Edmonton’s premier museum in the age of COVID
By: Corbin Stewart
How the Royal Alberta Museum is transitioning to virtual field trips in the pandemic
When the Royal Alberta Museum moved from its old home in Glenora to downtown Edmonton in Oct. 2018, excitement was in the air.
The $375.5 million move marked a new adventure for western Canada’s largest museum and its thousands of annual visitors. The convenient downtown location allowed more tourists to visit, while the improved 7600-square metres of exhibit space permitted new galleries to flourish. One of these new exhibits was the interactive children’s gallery. Hundreds of students would frequently visit the museum for class field trips – a fond memory for those of us who loved history at a young age.
Then – less than two years later – COVID happened, and the Royal Alberta Museum had to make changes to how they would operate.
In-person viewing was limited, and the transition to an adaptable online environment had to be implemented. When schools were initially closed in the spring and field trips were cancelled, the museum was looking for different ways to support public education.
“A way that we could offer them a little bit of connection to the museum was through this program called the human library,” says Royal Alberta Museum educator Tori Pudde.
The Royal Alberta Museum didn’t invent the human library program but its use for education is very effective, especially during the pandemic when they moved the program to the virtual sphere. Schools can book a 45-minute online discussion where students and teachers can ask questions to a museum professional. Topics range from the earth sciences like geology to cultural studies such as political history and Indigenous studies.
A 3D model of a giant water bug. There are now 31 objects available to see on the museum’s website in 3D. (Royal Alberta Museum)
Pudde explains how the discussion can be customizable towards a specific grade level or curriculum.
“A lot of teachers were looking for something to supplement their classroom because they’re so limited in the things they can do right now. You get a chance to talk to a museum expert, and it can be very personable.”

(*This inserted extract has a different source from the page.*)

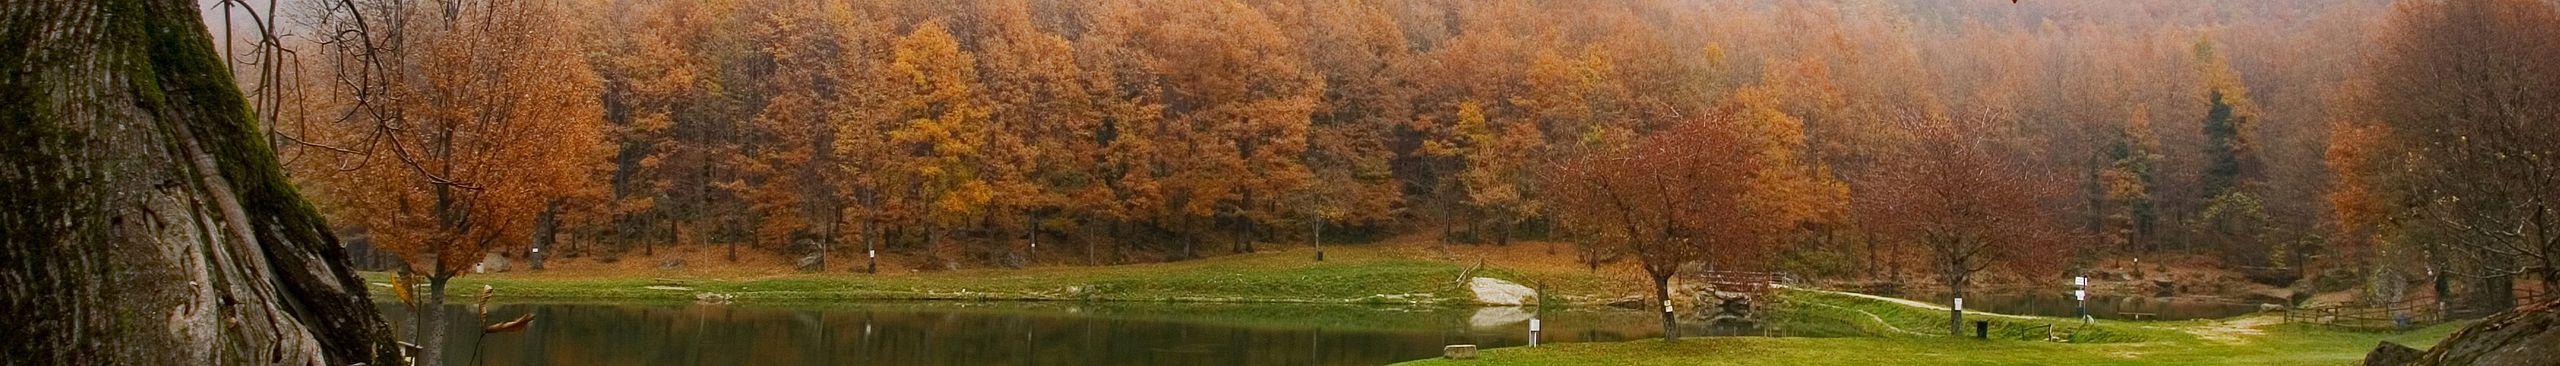 Bagno di romagna wikivoyage guida turistica di viaggio - Lago lungo bagno di romagna ...

Alex Lesko, a grade 11 social studies teacher, says he is glad that the museum allows classes to continue to participate in learning through COVID.

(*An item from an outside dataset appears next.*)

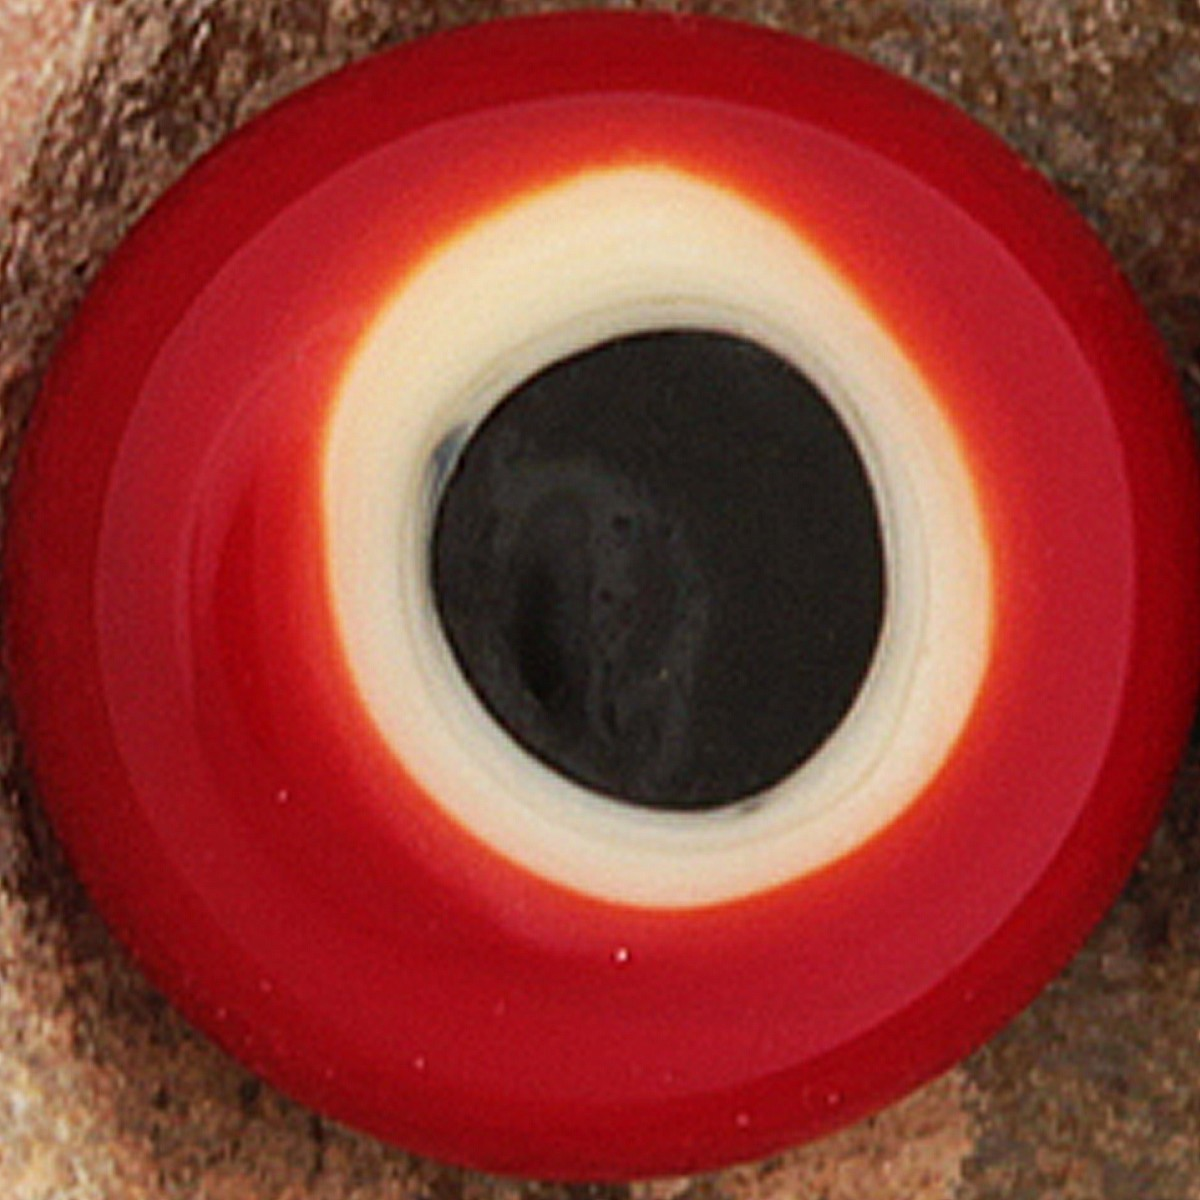 rojo claro, con punto marfil claro y negro superpuestos

“I think it’s awesome what the museum is doing. To even give teachers some break and relief is great.”
Lesko teaches at Sturgeon Composite High School near Namao, where the student population primarily comes from rural backgrounds. He says that his students don’t often get a chance to visit museums.
“I’d love to be able to book a tour and for them to be able to see the museum the best they can this year.”
Along with the virtual human library program, the museum offers a “little” virtual human library intended for pre-kindergarten to grade two students, which Pudde directly oversees.
“The learning team at the museum has a different audience that they focus on based on different developmental ages,” says Pudde. “We looked at a way to make the program suitable for younger audiences.”
This program only runs 20 minutes instead of the usual 45 minutes to account for younger children’s online attention spans. It began as a pilot program this fall. The Royal Alberta Museum was the first to implement the little virtual human library and has since become very popular for teachers. The bookings are currently full until Jan. 2021.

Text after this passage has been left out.